Although seemingly an obvious requirement, many initiatives do painfully little with valuable components of already available healthcare data. As such, specifically in the realm of DM, these issues include:
Improving the success rate of being able to identify patients with disease or at risk for disease of relevance. Today, most DM programs use terribly simplistic patient identification algorithms, thus requiring patients to blatantly present with disease before the program will successfully identify the patient and intercede.
Improving patient stratification. Currently, most DM programs are overly simplistic in stratification, succumbing to a severe, moderate, or mild approach.
Improving engagement through greater granularity of insight. Today, most patients are approached with generic messages, nonpersonalized to their specific conditions or course, thus impeding buy-in by the patient and, therefore, the necessary behavioral change that is sought.
Improving care management interventions through greater intelligence of process. Empowered by greater data granularity and timeliness, systems must draw more effective intervention conclusions—taking into consideration a much broader array of available information, such as compliance indicators, patient-specific disease process trend, and historical complications to guide medications—instead of disease and immediate cost data alone.
With healthcare data more aptly understood and better used to drive empowering care improvement solutions, a third requirement—one of results and impact transparency—becomes relevant.
Results and impact transparency are critical to adoption of care management and healthcare improvement solutions.
Although the downside of this requirement falls into the “no good deed goes unpunished” category (as some health systems may quickly identify flaws in outside solutions, not realizing that the system may provide a dramatic improvement over the health system’s internal capabilities, which have gone unmeasured), it is a critical step to broader adoption.
DMA: How can DM companies and health plans address the rising role of patient-specific healthcare data?
Dunleavy: DM companies can address the rising role of patient-specific healthcare data with open arms.
The benefit that a greater utilization of patient-specific data can bring is felt by all parties within the healthcare system—the patient, the provider, the payer, and the solutions vendor.
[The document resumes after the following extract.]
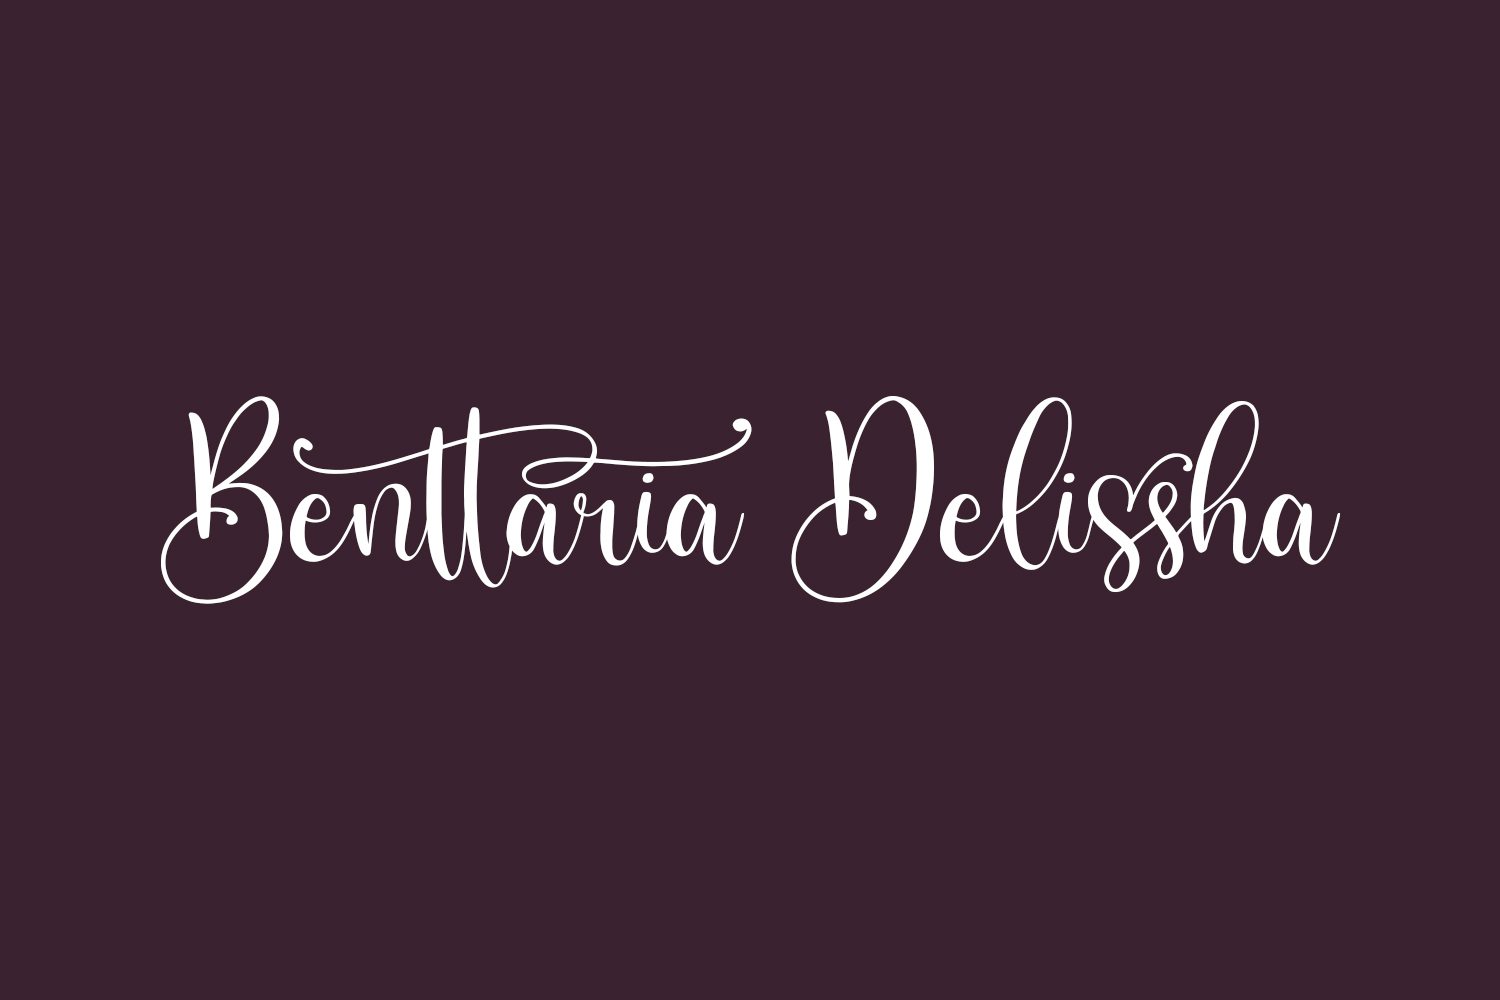 Benttaria Delissha Free Font

The critical matter will be the necessary evolution from the past landscape of inadequate utilization of limited-benefit administrative data to one of advanced analytics applied to what MedAssurant refers to as a “superset” of patient healthcare data.
DMA: What do you predict for the DM market during the next two or three years?
Dunleavy: We believe that a significant shake-up is under way in the DM marketplace.
Entrenched models built upon only limited patient-specific granularity, and technology utilization has been met with limited engagement and limited effect. As a result, there is a stirring backlash by the payer marketplace.
Further, many clients of DM services feel that this limited effect has also been shrouded in a limited transparency within programs and a general reluctance to provide more thorough and more frequent measurement and analysis.
Ultimately, DM is a high-touch process and should garner greater—not less—visibility into member status and trends. The intervention should be able to demonstrate clear ROI sooner. And the data gathered should be available to all parties within the healthcare system—improving availability to pertinent data, decreasing unnecessary utilization, and gaining benefits of error feedback and resolution.
We see this creating a market demand for more intelligent systems, driven by more granular analysis and intervention, and wrapped with a greater transparency of process and outcomes measurement.